_EXERCISE INSTRUCTIONS_. Before returning the data, strip out the pictures and keep everything else exactly the same.

_DATA_.
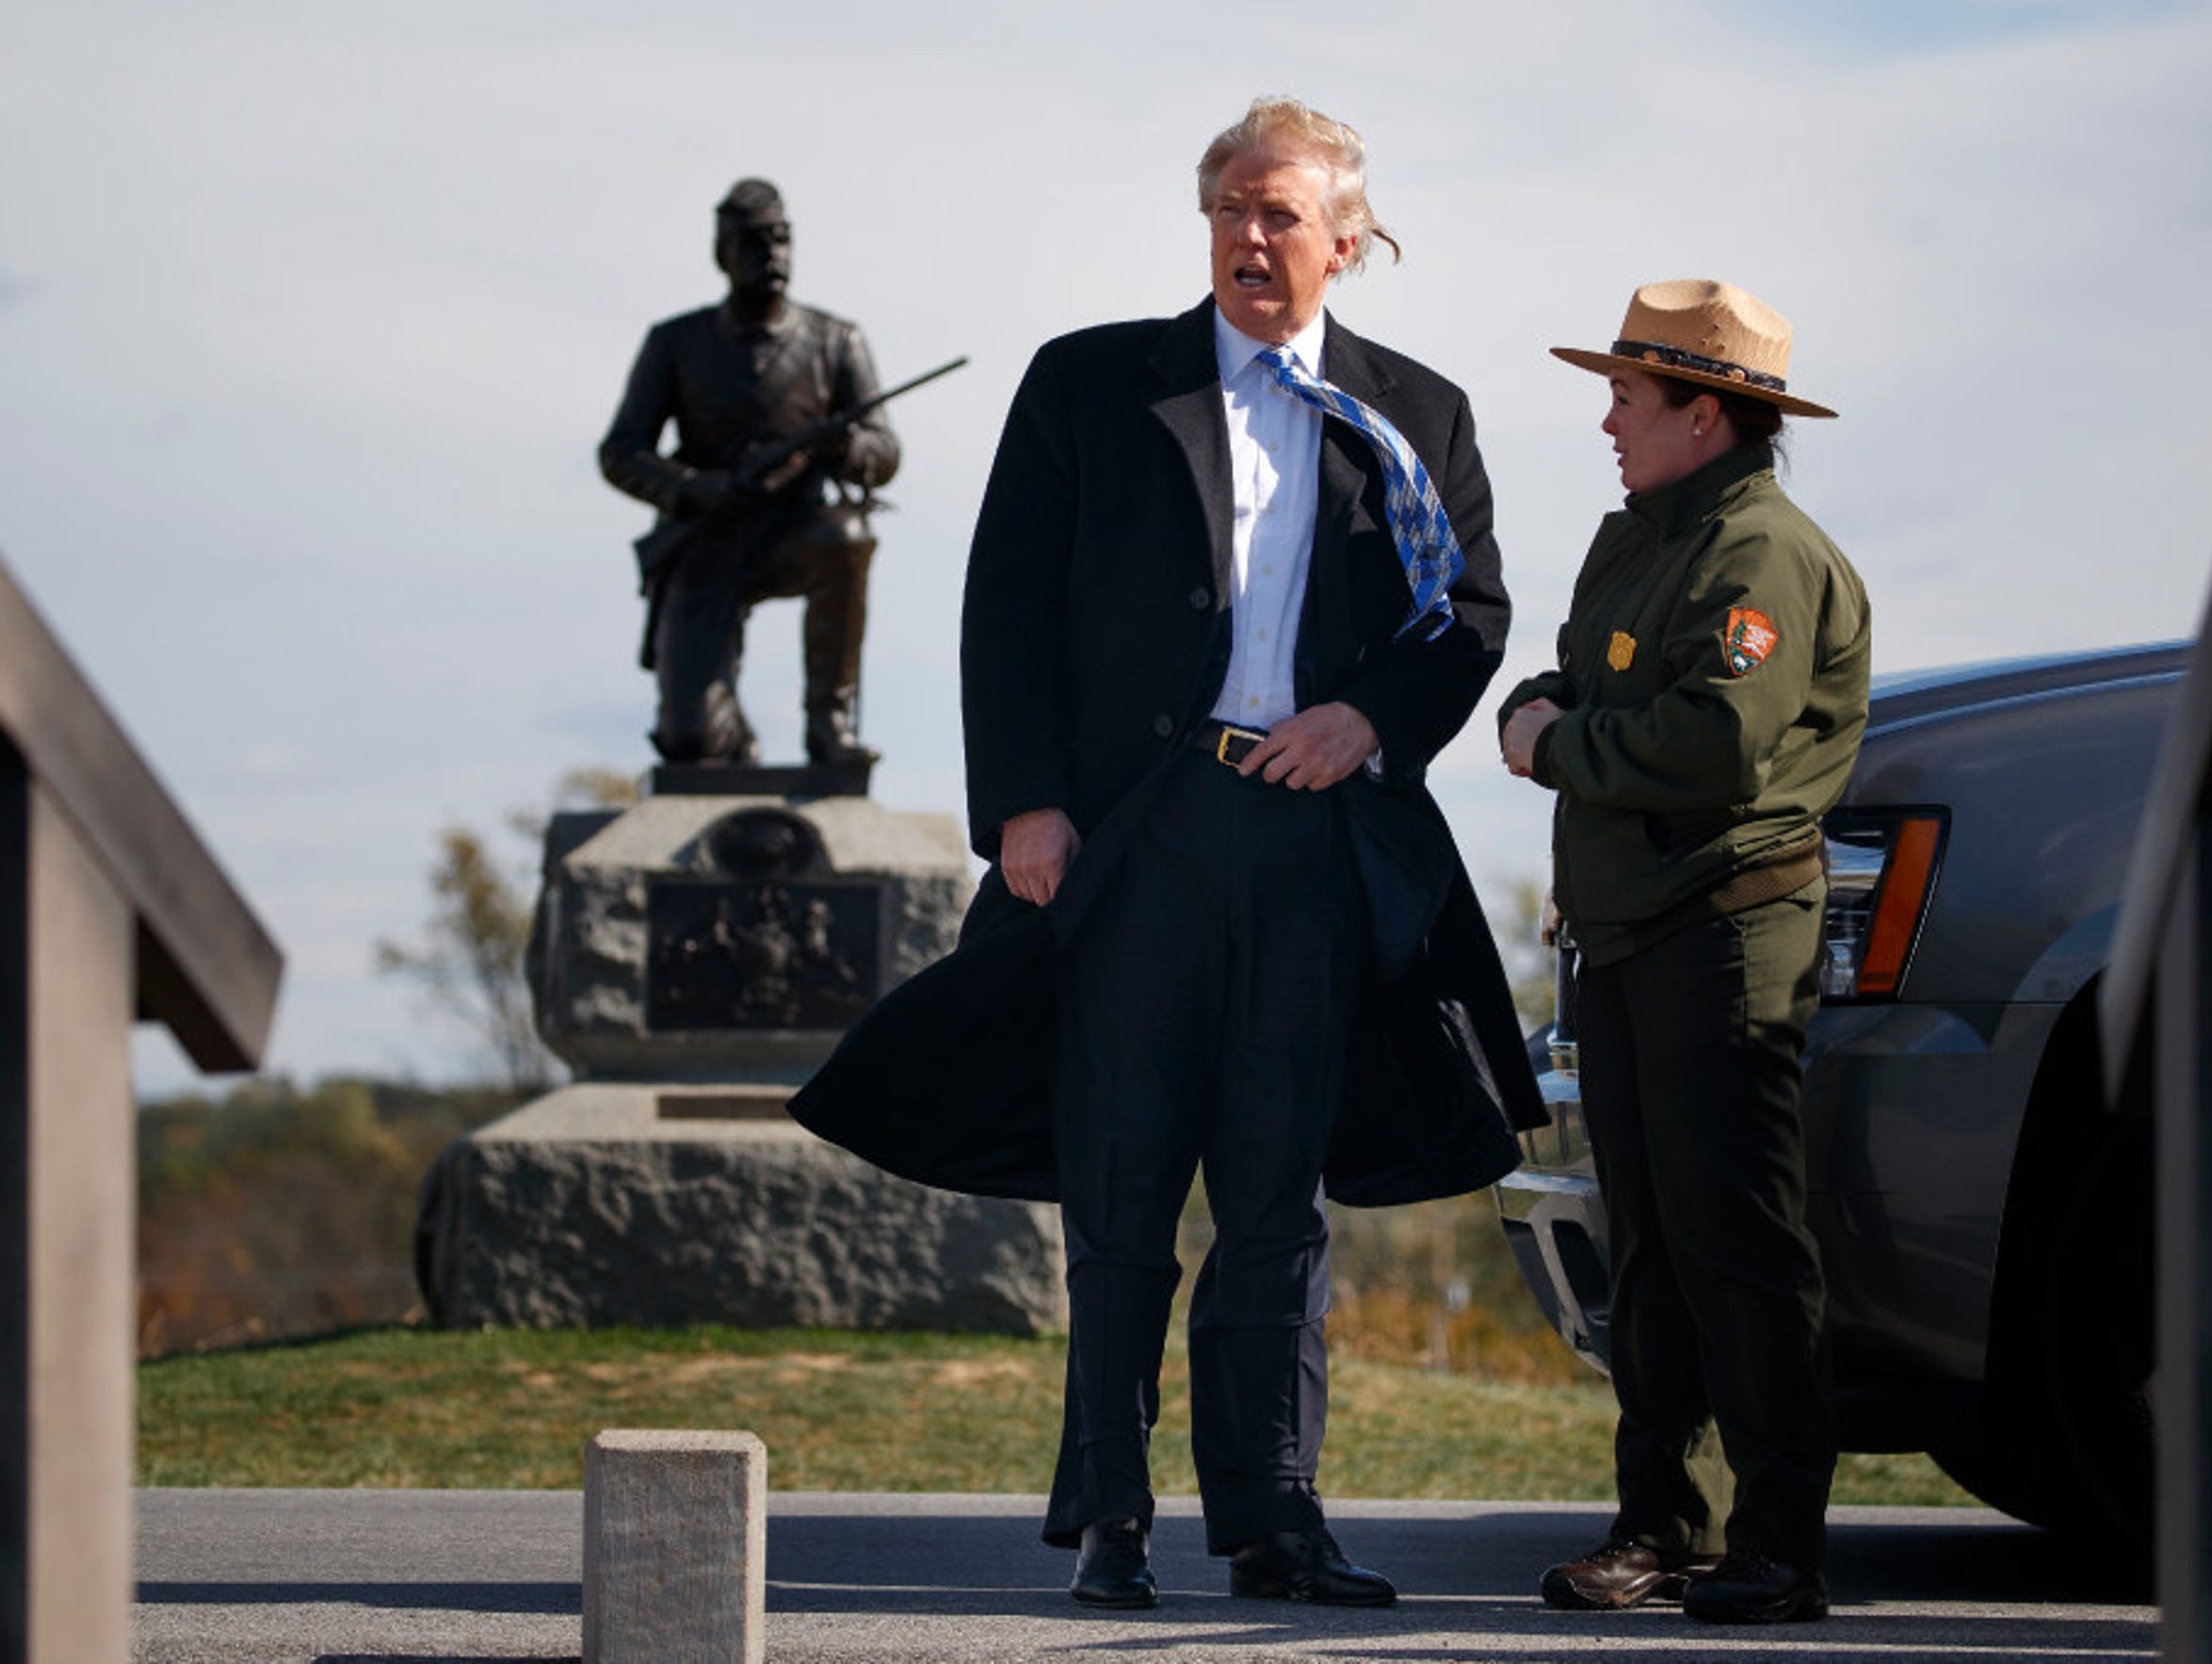 Donald Trump in Gettysburg, Pa., on Oct. 22, 2016,
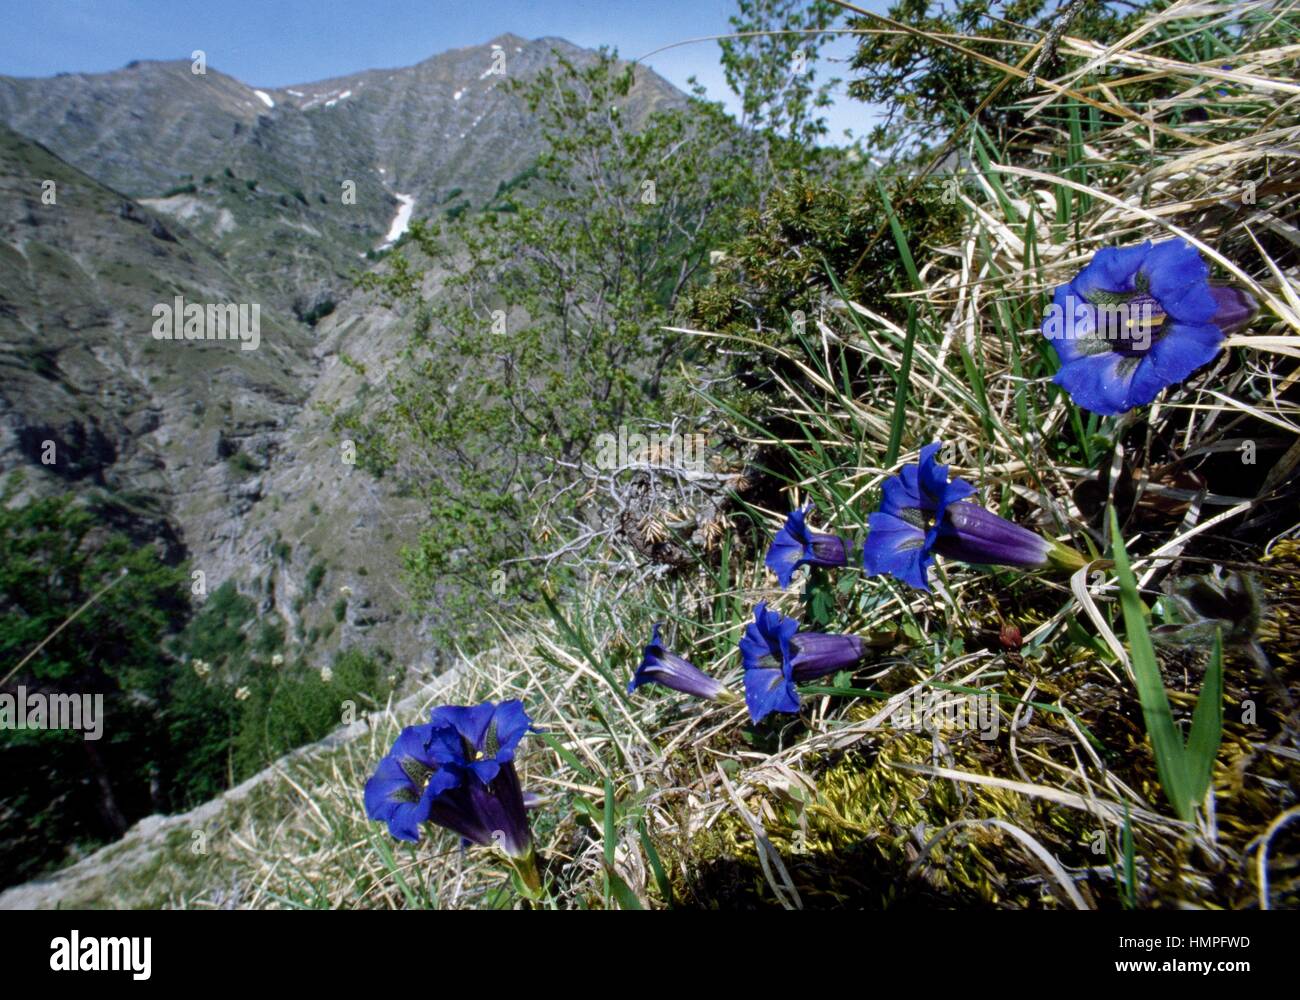 Gentian (Gentiana dinarica), Gentianaceae, Monti della Laga, Lazio, Italy. Stock Photo
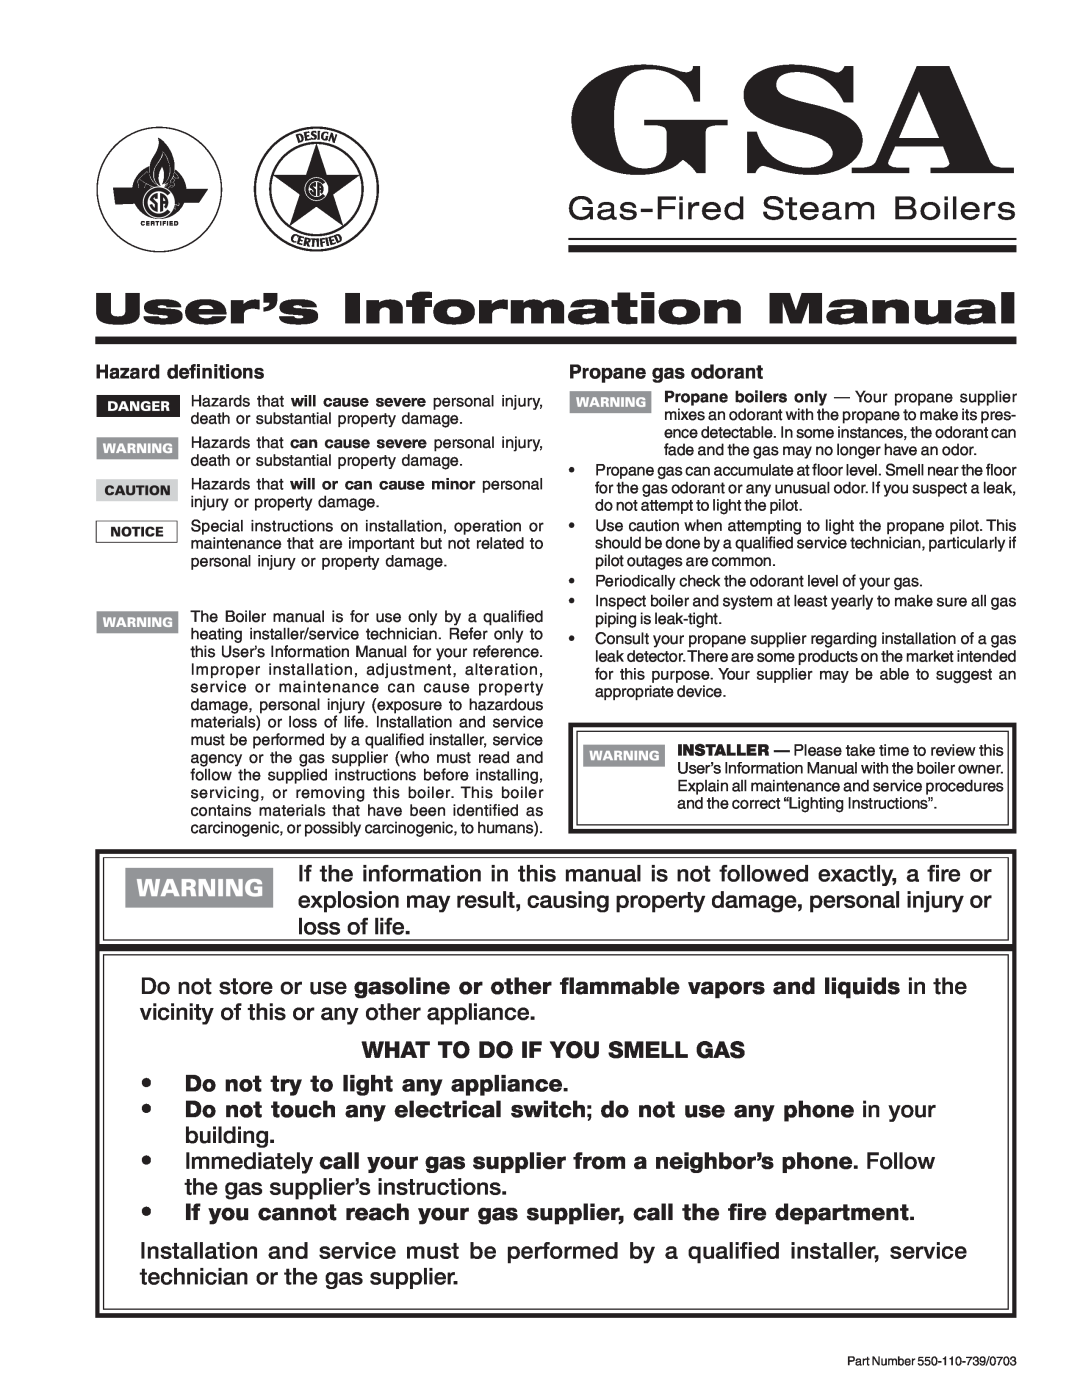 Honeywell RVGP manual G Sa, User’s Information Manual, Gas-Fired Steam Boilers

_OUTPUT FOR THIS EXERCISE_.
 Donald Trump in Gettysburg, Pa., on Oct. 22, 2016,
 Gentian (Gentiana dinarica), Gentianaceae, Monti della Laga, Lazio, Italy. Stock Photo
 Honeywell RVGP manual G Sa, User’s Information Manual, Gas-Fired Steam Boilers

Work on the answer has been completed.